What if I get only few homologous sequences for my query protein?
One of the issues in retrieving homologous sequences is choosing the database used for the search. For example, certain organisms are mostly represented in the trEMBL database but not in SwissProt. Few databases can be considered in such cases:
- The Uniprot database contains sequences from both SwissProt and trEMBL, thus a possible solution is to try running ConSurf with the Uniprot database.
- It is highly recomended to use Clean_UniProt which is a modified version of the UniProt database aimed to screen the more reliable sequences based on two criteria: (i) if the "Decription" (DE) field contain "Disease", "RIKEN", "variant", "mutation", "mutant" or "whole genome shotgun sequence" the sequence is removed; (ii) if the database is "TrEMBL" and the "Comments" (CC) lines contain the word "CAUTION" the sequence is removed.
- The NCBI nr database comprised of all non-redundant GenBank CDS translations, PDB, SwissProt, PIR and PRF contains more sequences than Uniprot and is another option that should be considered
Another option is to raise the "BLAST/HMMER E-value Cutoff" parameter. The results will be less reliable thus should be more carefully examined.
Alternatively, you can run ConSurf with a MSA.
What are the advantages of using phylogenetic tree?
- All databases contain a certain degree of over representation of certain families or species (HIV, Human, etc.). Phylogenetic trees deal better with redundancy than methods that analyze multiple sequence alignment directly, by weighting clusters of closely related sequences differently.
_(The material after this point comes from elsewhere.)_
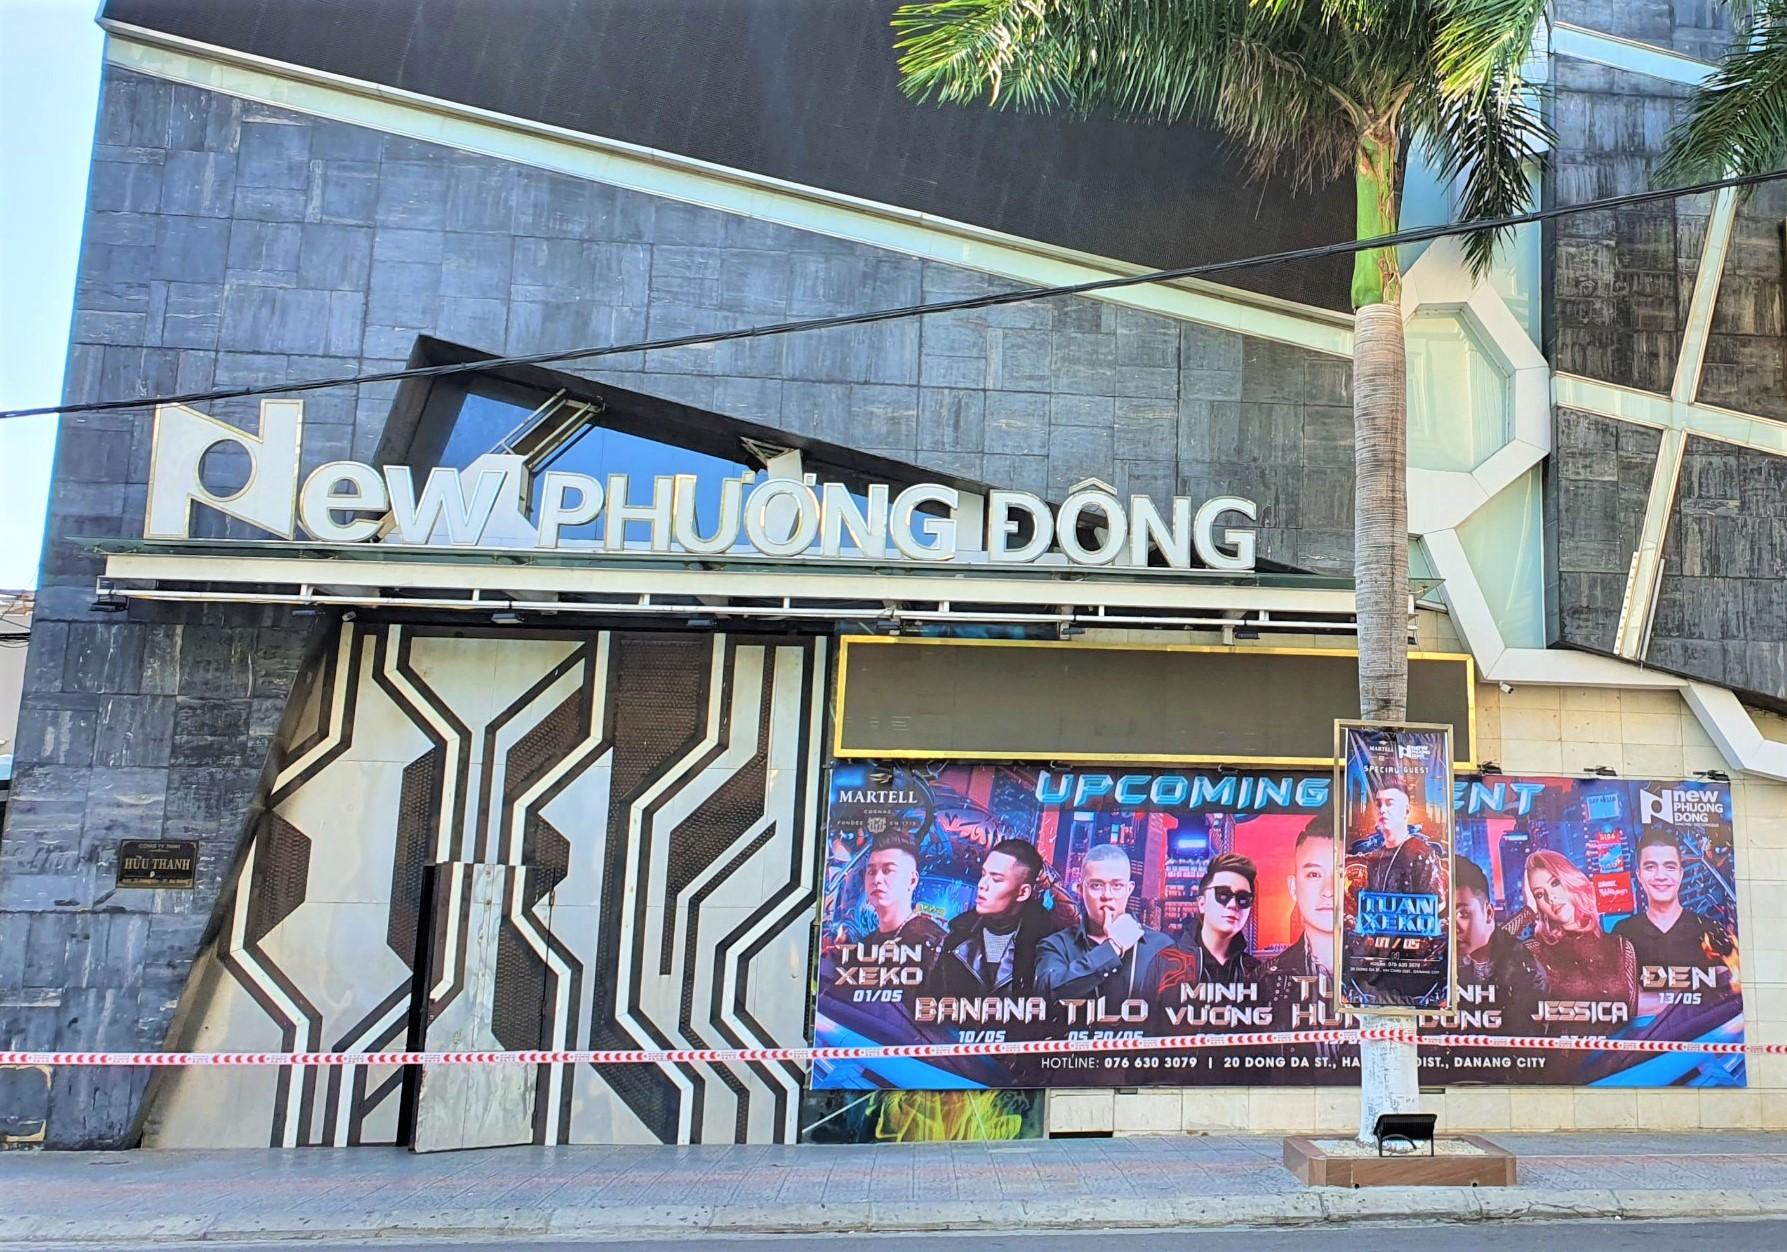 Theo Báo cáo của Bệnh viện Đa khoa Gia đình Đà Nẵng, người bạn đi cùng khai báo bệnh nhân có đến quán bar New Phương Đông.

This clustering process diminishes the influence of redundant sequences.
- The phylogenetic tree together with the model of sequence evolution describe the evolutionary processes that generated the multiple sequence alignment. By taking the tree explicitly into account when computing conservation scores, it is possible to better identify the amino-acid replacements that could have occurred in the history of a family of homologous sequences, thus increasing the accuracy of the calculation.
- The phylogenetic tree is a prerequisite for using probabilistic based approaches such as the maximum-likelihood and the Bayesian approach. The branch lengths of the tree, for example, are needed for computing the probabilities of amino-acid replacements. These methods increase the statistical reliability of the calculations and allow us to compute confidence intervals around the estimated conservation scores in the Bayesian method. When using maximum likelihood, no confidence interval is given.
How can I visualize the conservation pattern of a homo-oligomeric protein?
In ConSurf run with a PDB entry comprising multiple identical chains, the conservation grades, calculated for one (arbitrarily chosen) chain, are automatically mapped also to the rest of the chains. By default, the conservation grades are mapped only on the selected chain, but the NGL viewer was configured to present the grades also on the rest of the chains. To view the conservation pattern on the other chains, click on the 'View ConSurf results with full-size NGL viewer' link. In the bottom right corner where it says 'Apply to' add the chain(s) you want to color.
Should I use the Bayesian or the Maximum Likelihood method?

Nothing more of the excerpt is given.